As I have indicated, the decision of the Parole Board is quashed, it being accepted that the Board did not act in accordance with the law when it made its decision on 16th July, but the decision of the Secretary of State, in my judgment, was a perfectly proper one and I refuse the application as regards that decision.
MS STERN: My Lord, could I just clarify one matter?
MR JUSTICE ELIAS: Yes.
MS STERN: Your Lordship said, and it is probably my error, that I said that the Parole Board could consider the matter on Thursday. In fact the likelihood is that it would be by Thursday, because it is more likely to be on Tuesday or Wednesday.
MR JUSTICE ELIAS: Right, thank you.
MS STERN: It is a very small matter.
MR JUSTICE ELIAS: Yes, good, by Thursday. Then it will be even quicker.
MR SEMPLE: Better for us. There remains the issue then of costs.
MR JUSTICE ELIAS: Yes.
MR SEMPLE: Mr Hare has the benefit of public funding by the Community Legal Services Funding. Clearly he has been partially successful and partially not.
MR JUSTICE ELIAS: Yes.
MR SEMPLE: He has been remanded since 10th June, including the decision by the Parole Board, which has been accepted as being properly quashed today, that took place on 16th July.
In relation to that matter, whilst of course it is right to say that no instructions have been received in relation to his attitude to that today, that offer came very late on in the proceedings. Should a rehearing have taken place in say mid or late July that may well have been a very different matter than today when, in any event, he would have been released by the end of this month. I am instructed to make an application for costs against the defendant, the Parole Board.
MR JUSTICE ELIAS: Yes, can you resist that?
MS STERN: My Lord, it is difficult to resist that. What I would say, however, is that here I would ask for an order for no order of costs because the Secretary of State has succeeded on the only matter which was before your Lordship today and the offer of the concession was made. It is difficult because of the timetable having been exceptionally truncated in this case, but this hearing could have been avoided if the claimant had taken instructions and accepted the quashing of the Parole Board decision. So the only matter upon which they did proceed --
MR JUSTICE ELIAS: When where they offered that?
MS STERN: I believe they were offered that on Friday. The decision of Forbes J granting permission, I believe, was around midday on Friday. My instructing solicitors did communicate that they were going to have the Parole Board decision quashed, or at least for reconsideration, and the timetable of that, on Friday. It was only because that was not accepted that we are all here today.
MR JUSTICE ELIAS: I am not sure that was not -- it was accepted, but it was not accepted as --
MS STERN: As sufficient, my Lord, yes.
MR JUSTICE ELIAS: But it is quite difficult, is it not, for defendants, in circumstances where somebody is in prison, to get instructions. It is quite hard for them then to say we are not pursuing the other point when liberty, even for a day or two, might be at stake.

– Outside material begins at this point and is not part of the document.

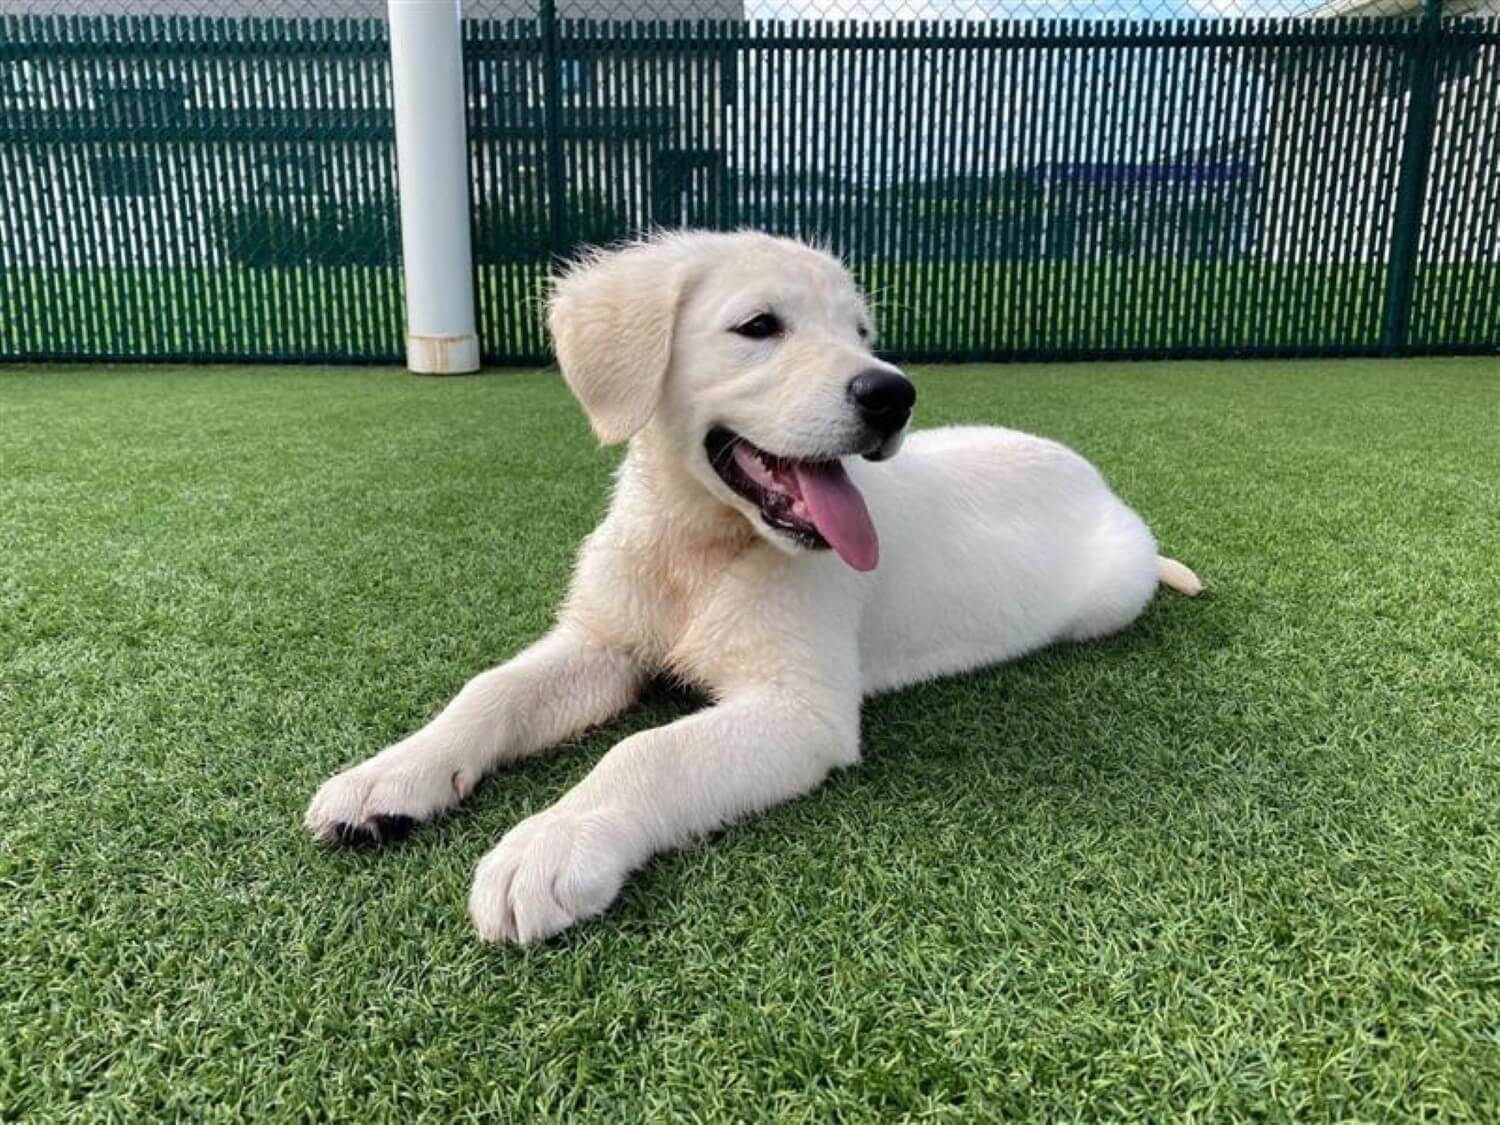 Retriever puppy relaxing on artificial grass

MS STERN: My Lord, yes. I am simply saying that that is the position here now, my Lord.
MR JUSTICE ELIAS: I understand. No, I am afraid the offer came too late, it seems to me, and they ought to get their costs in the circumstances.
Good. Can I thank you both.
MR SEMPLE: My Lord, I think the costs need to be subject to detailed assessment in any event as they are from the Community Legal Service Funding.
MR JUSTICE ELIAS: Yes, detailed assessment -- it cannot be agreed? If not agreed. Thank you very much.